◆ Problem requirements: The expected result is an exact restatement of the data, free of pictures.

◆ Dataset extract:
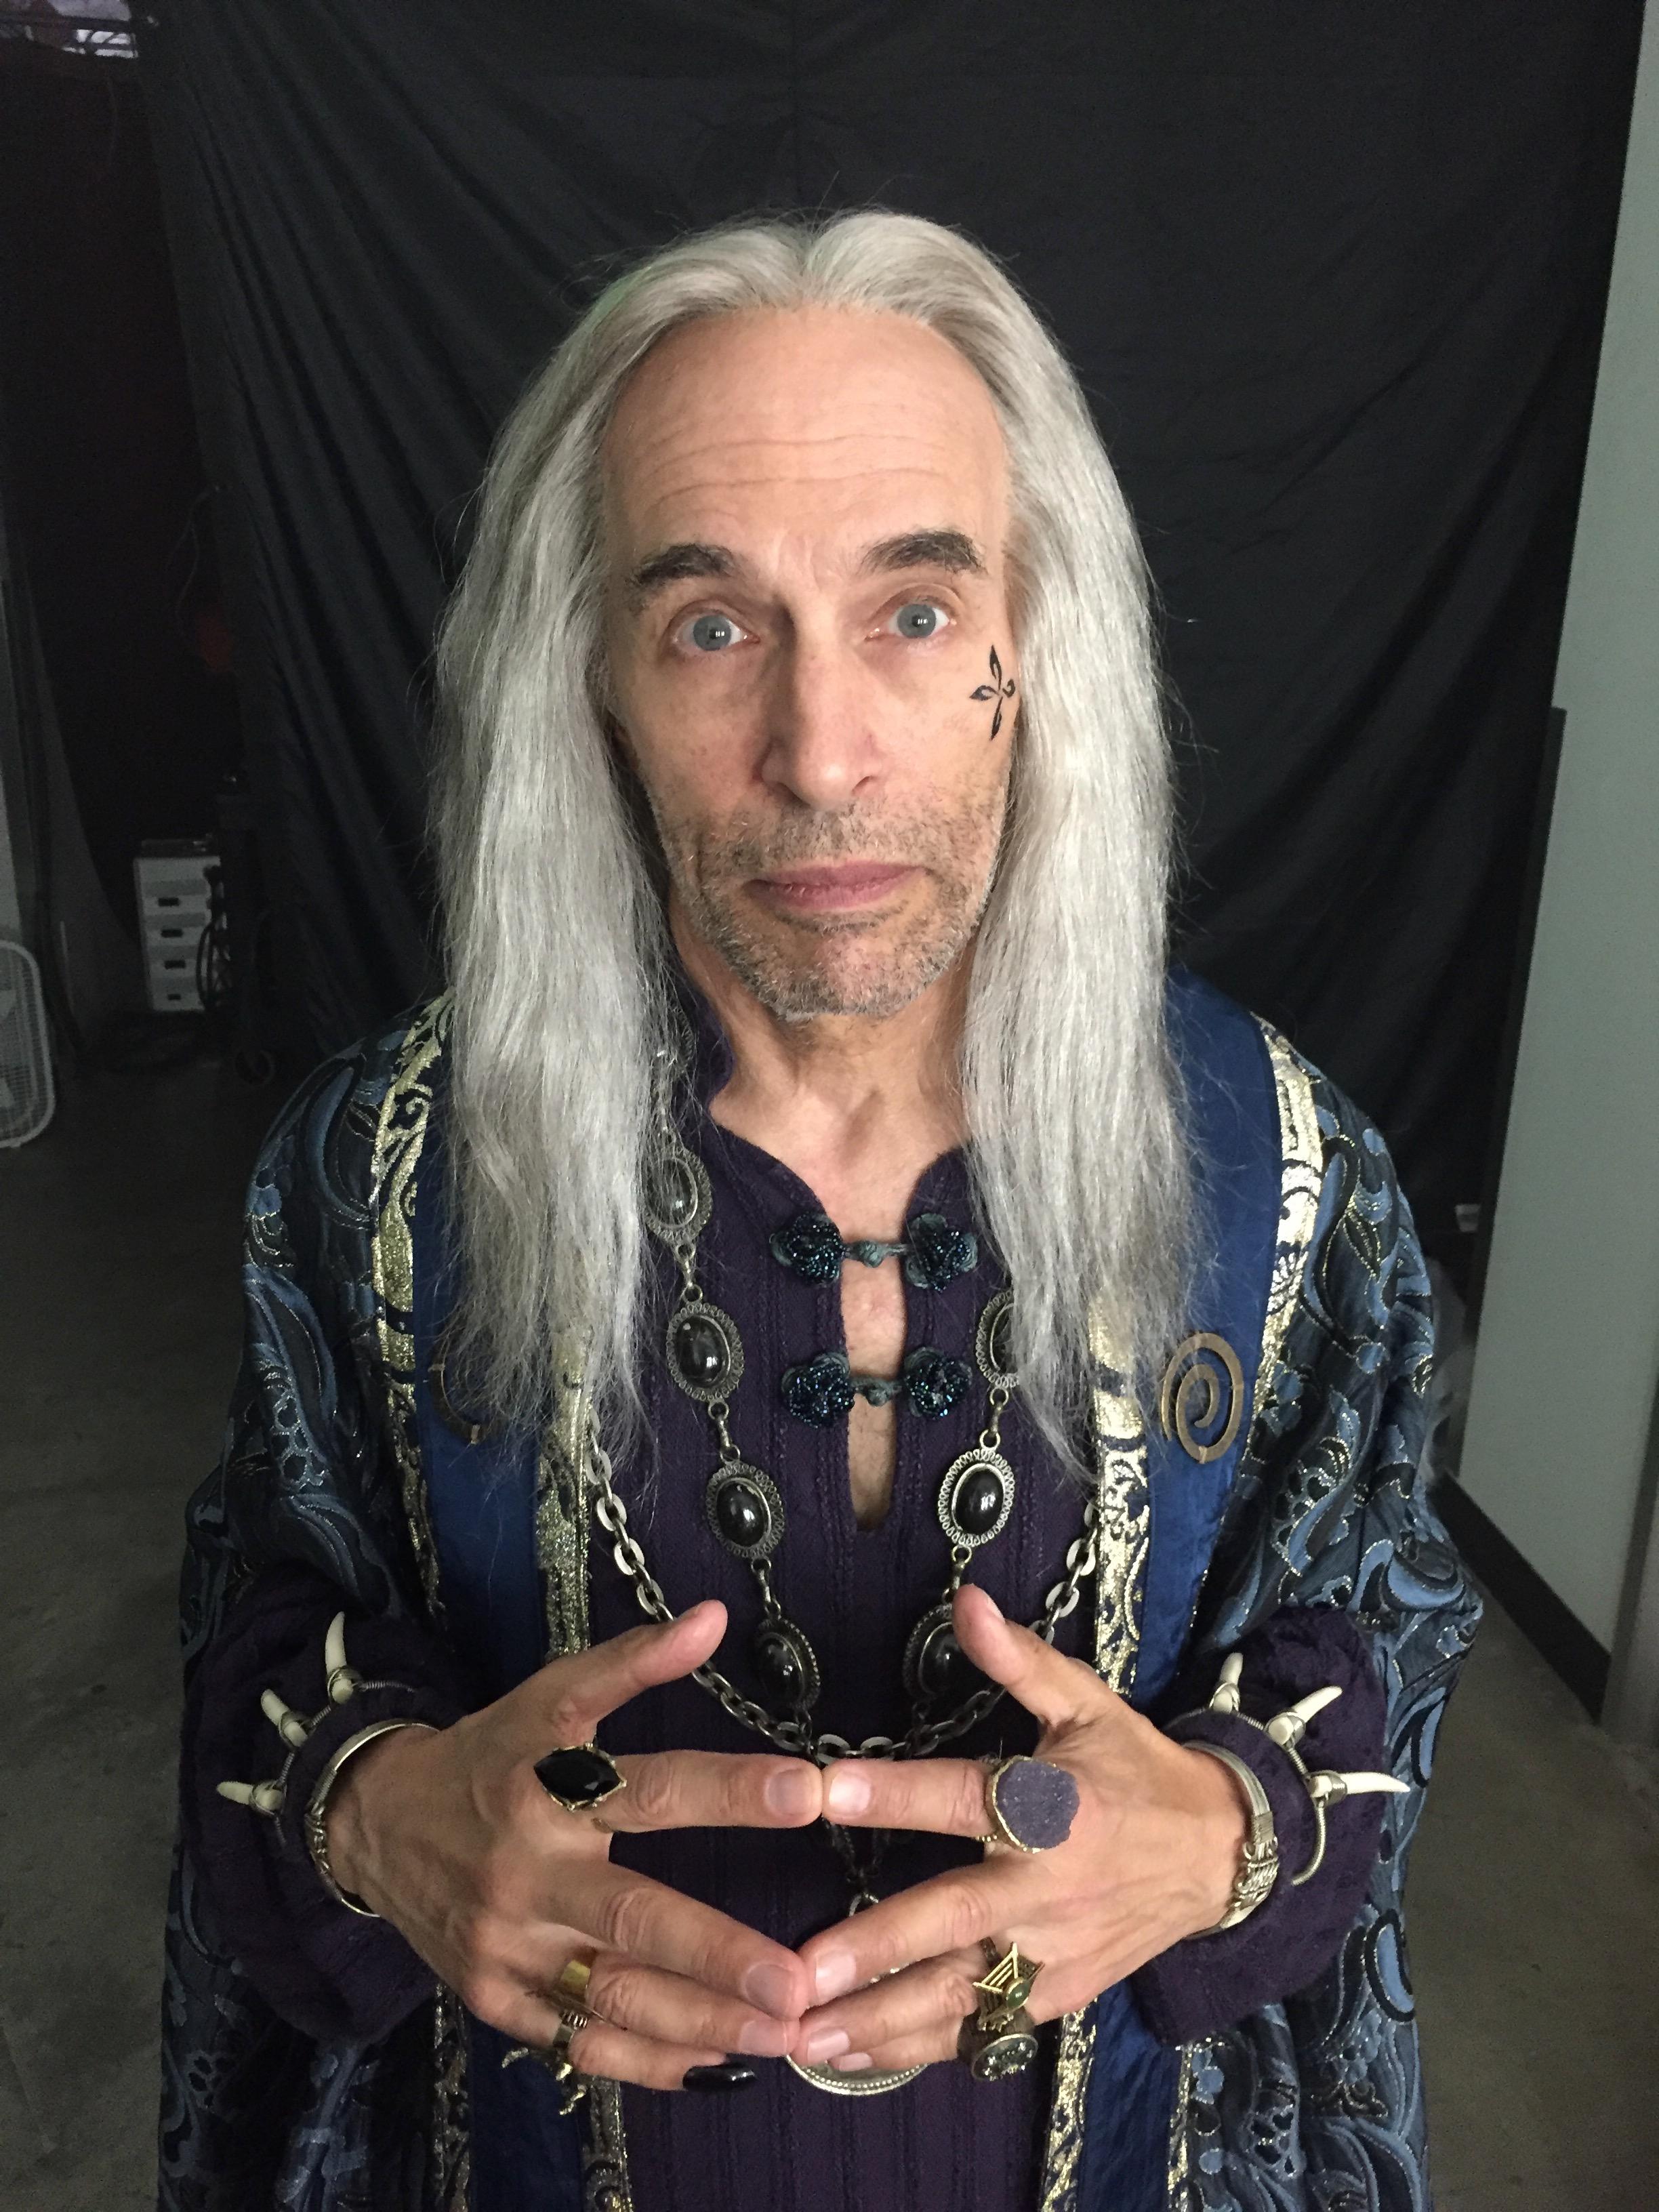 Amazon - Wizard Wig
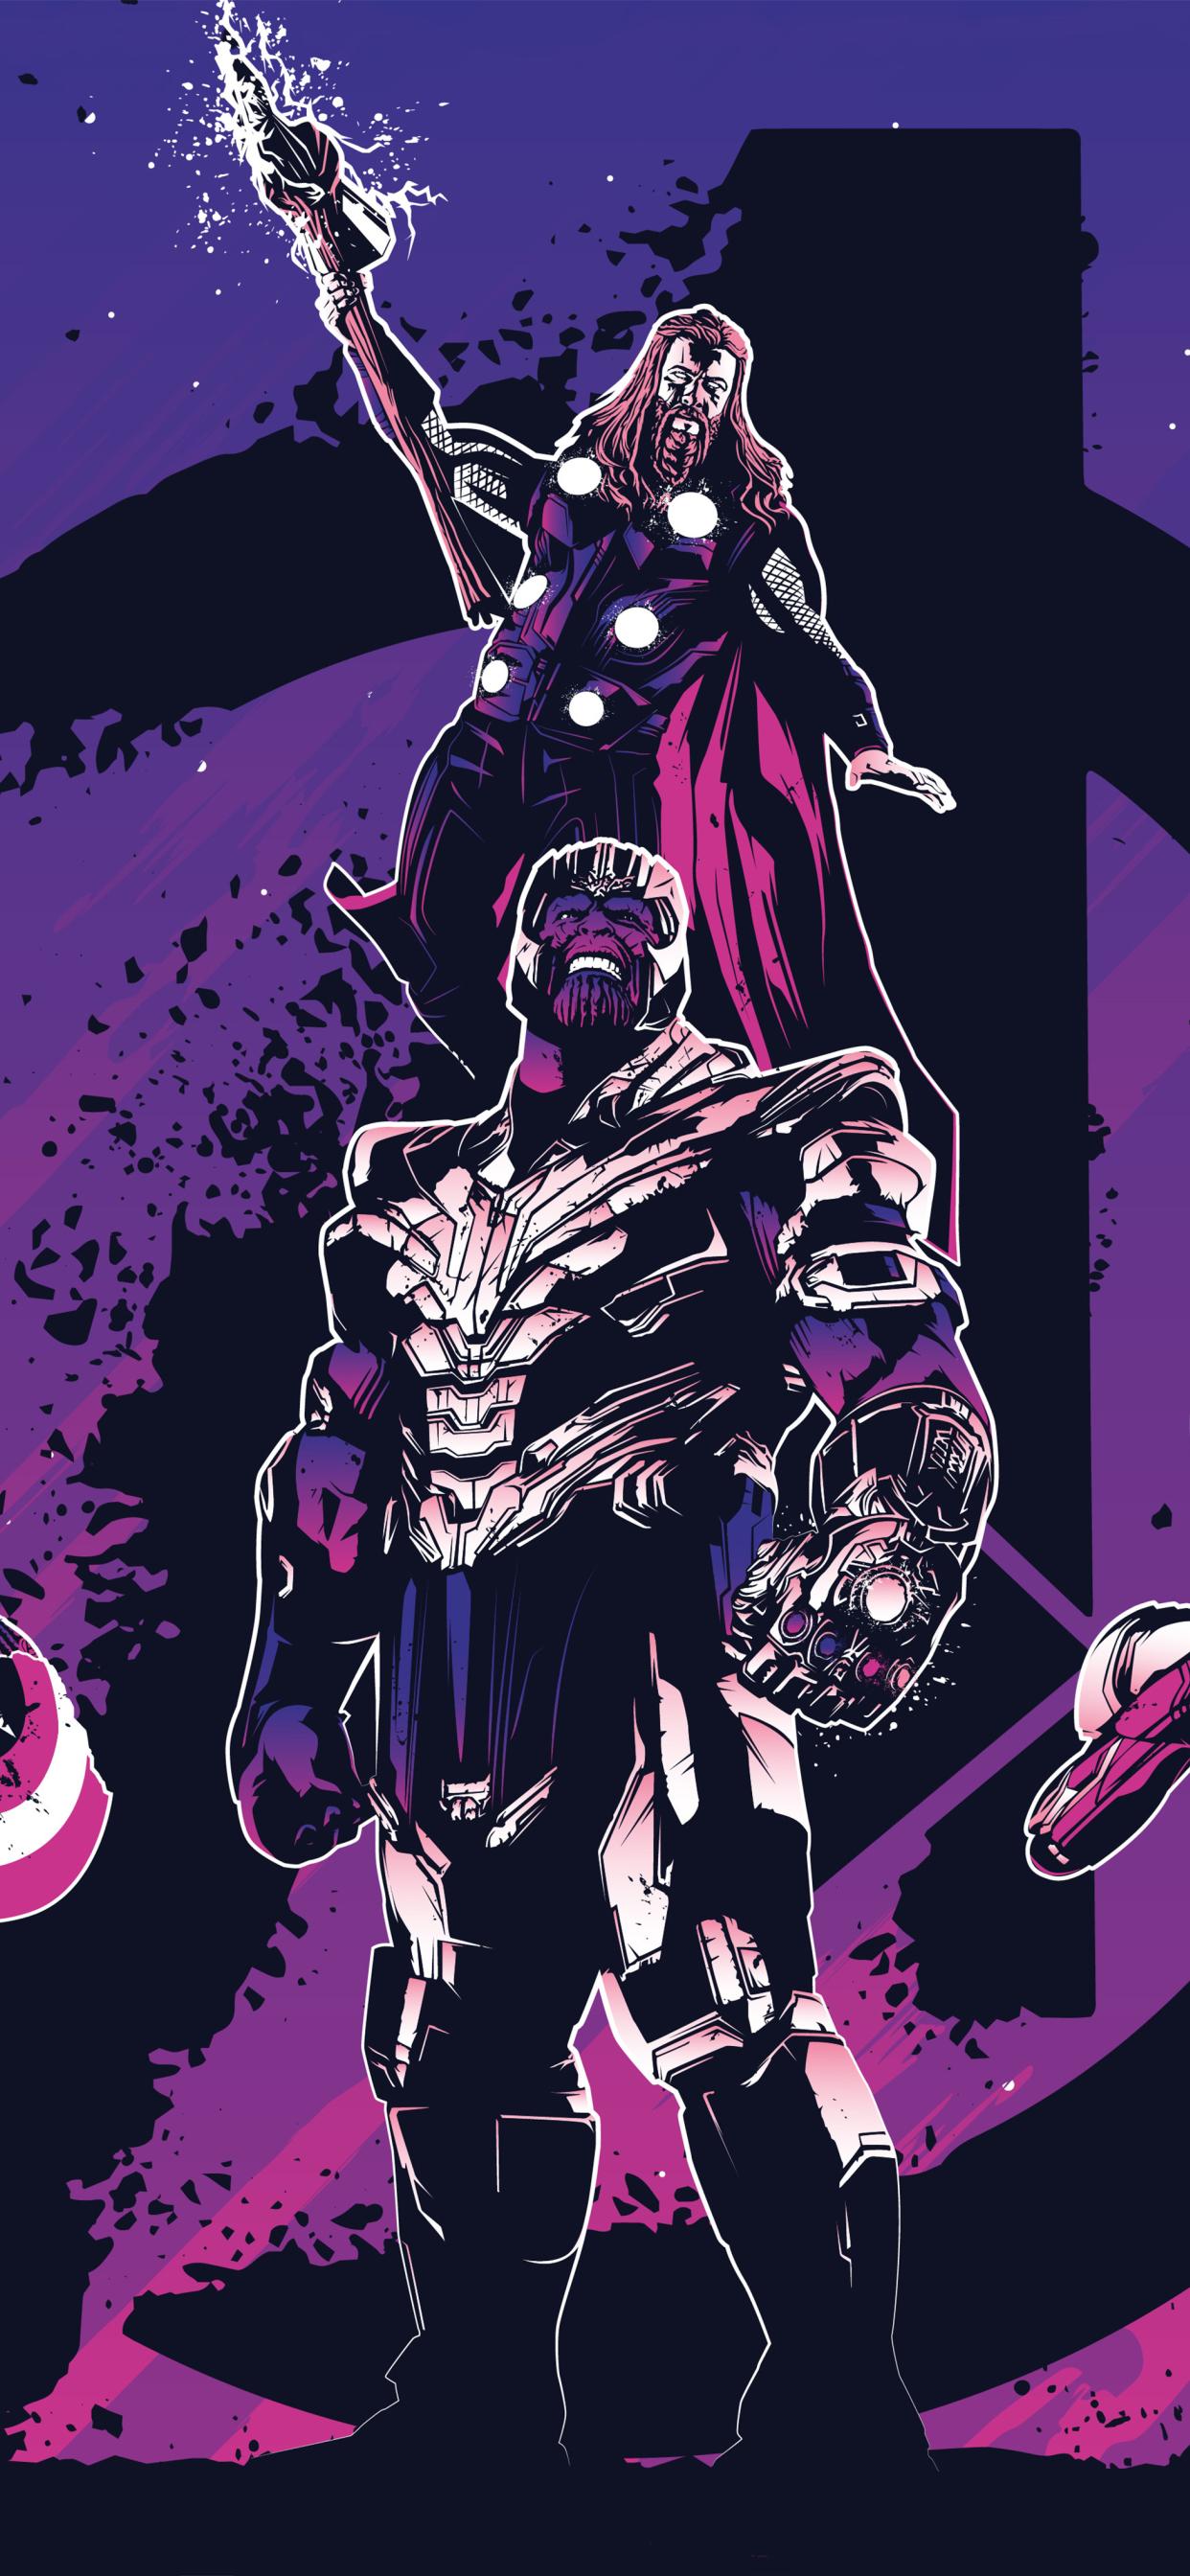 1242x2688 New Avengers Endgame 4K Iphone XS MAX Wallpaper ...
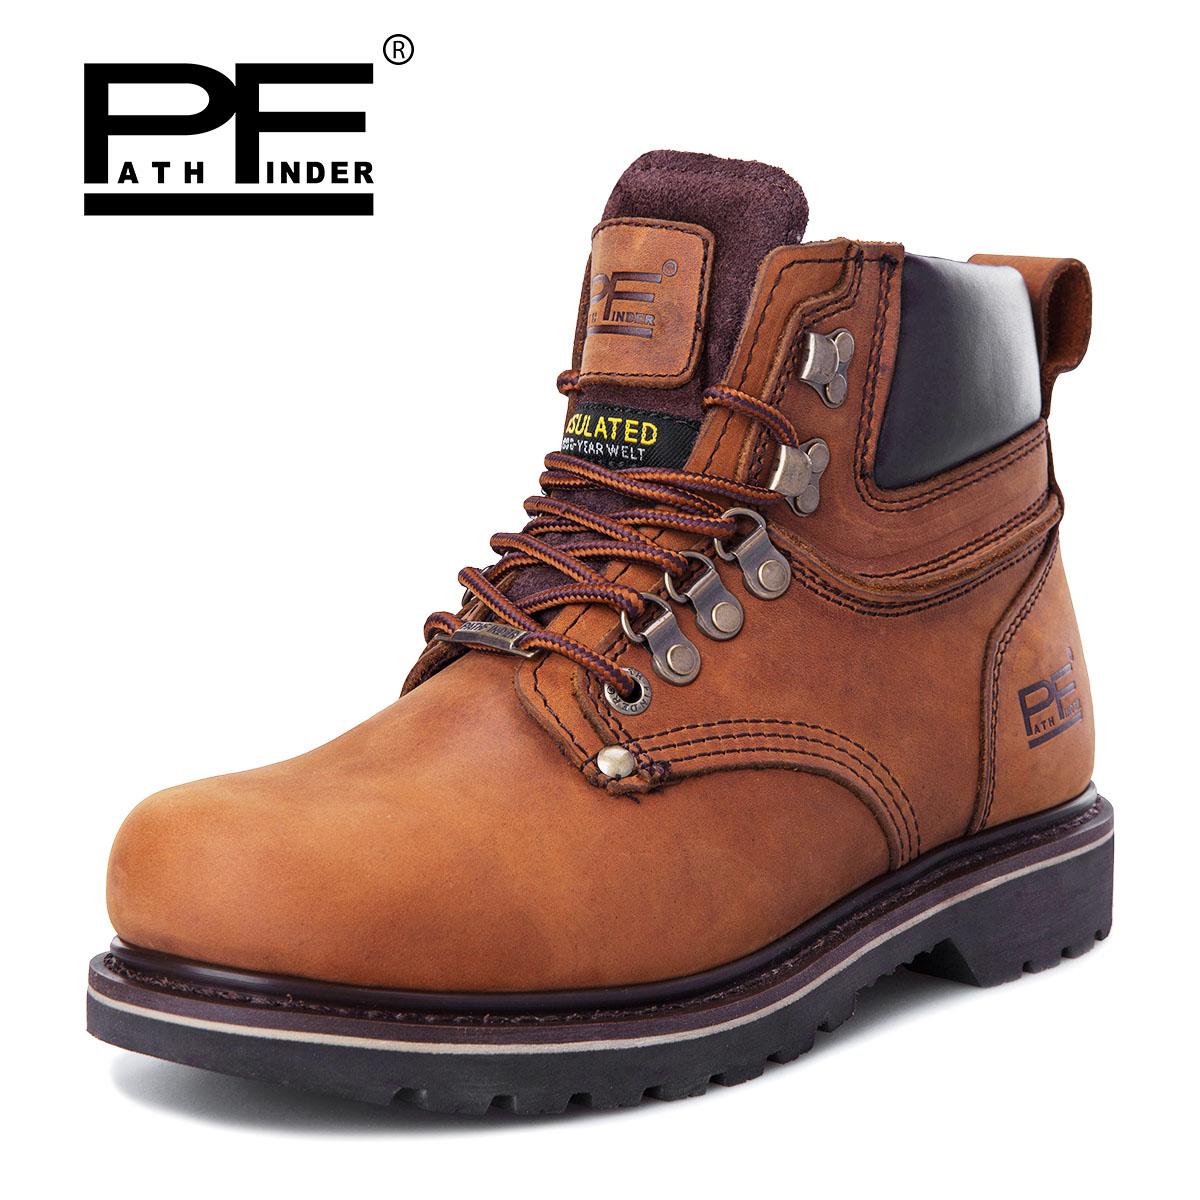 PF美式复古潮流工装靴户外休闲登山鞋短筒皮靴大头男靴PathFinder

◆ Completed task:
 Amazon - Wizard Wig
 1242x2688 New Avengers Endgame 4K Iphone XS MAX Wallpaper ...
 PF美式复古潮流工装靴户外休闲登山鞋短筒皮靴大头男靴PathFinder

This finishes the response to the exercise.